A recent video from a church service in a large metropolitan area has gone viral. In this video, several young ladies dressed in fatigue t-shirts and jeans are dancing to Jay-Z's The Story of O.J.. In fairness, I went on You Tube, objectively watched the music video and carefully listened to the lyrics in order to express an informed opinion about what I was seeing and hearing, as we were required to as college students when we had to attend dance concerts, view films, watch plays, and read articles, some of which we agreed with and some which we did not. We still had to look for certain elements that stood out to us, find the message the artist was attempting to convey, and determine its relevance for the time in which it was expressed. Art can be very controversial, and its inherent value often lies in its ability to make people uncomfortable.
Does this mean that The Story of O.J. belongs in a house of worship?
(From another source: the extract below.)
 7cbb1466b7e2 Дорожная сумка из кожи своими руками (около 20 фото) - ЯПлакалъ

Definitely not. However, I understand Jay-Z's cultural references employing black & white cartoon characters to portray Nina Simone singing Four Women, as well as social commentary surrounding racism, colonialism, colorism, the whole dilemma of O.J. Simpson forgetting where he came from, the Heisman trophy debacle, and no matter how many touchdowns he scored, and what he did (or didn't) get away with, society still sees him as a "------", as well as the rest of those who need to be put in remembrance. He addresses economic disparities between the Jewish community and African-Americans and why many of us are still impoverished, the systematic murders of young black males, and the gentrification of Brooklyn and eventually, Queens. Jay-Z informs his audience that he has taken advantage of his own financial opportunties and put his money to work for him, allowing his money to turn over, make more money, and successfully fund his own work, evidenced in record breaking sales of his album weeks before its official release date. He clearly made his point.
Young people listen to Jay-Z and can relate to his music, and while the church is in an uproar about the pastor using this medium to preface his sermon, were there more appropriate songs that could have been chosen to get the point across? Probably so. But more importantly, what message is being taught to the youth who were part of the sermonic presentation? Could things have been done differently?
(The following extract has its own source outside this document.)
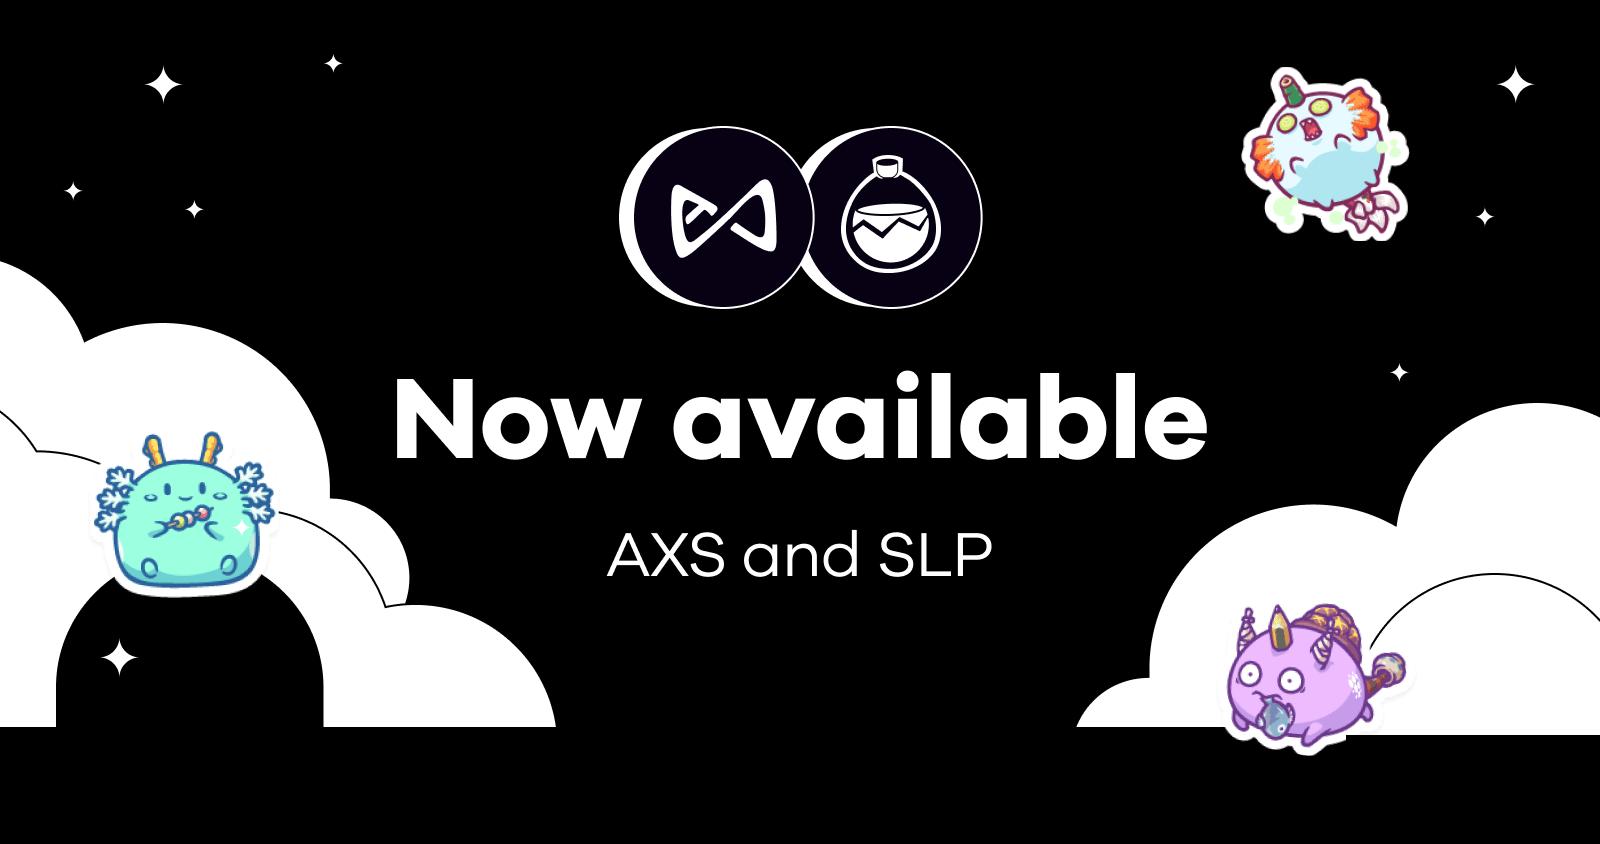 AXS_SLP Creative

What more of our churches could possibly do better is to listen to the youth, hear what they are saying, offer intelligent and non-judgmental, biblical answers to their questions and show them something other than the duplicity they have been so accustomed to seeing from many of us. We can see the inappropriateness in much of what they do, but we can't blame teens for what they don't know when it's our responsibility to teach them, or expect for every young person to change what they are doing simply because we disagree with it. Imagine what our churches would look like if each of us who were concerned about what's happening with the youth could become a mentor, a teacher, or a Christlike example to one or two young ladies or young men? Suppose ministers really considered the content of what they allow in the sanctuary when trying to creatively prove a point? What could happen if we really understand what it means to be led by The Holy Spirit everything that we do?
There are no simple answers to any of these questions, because in reality, we don't all read our Bibles the same way and no matter what anyone says, there will always be someone who can find ways to justify what they are doing, and many more who will support the actions of those who do.
Art is a powerful tool for communicating The Good News of Christ. Let's be responsible and learn how to use it correctly, and as we do, give the youth an opportunity to learn and grow along with us!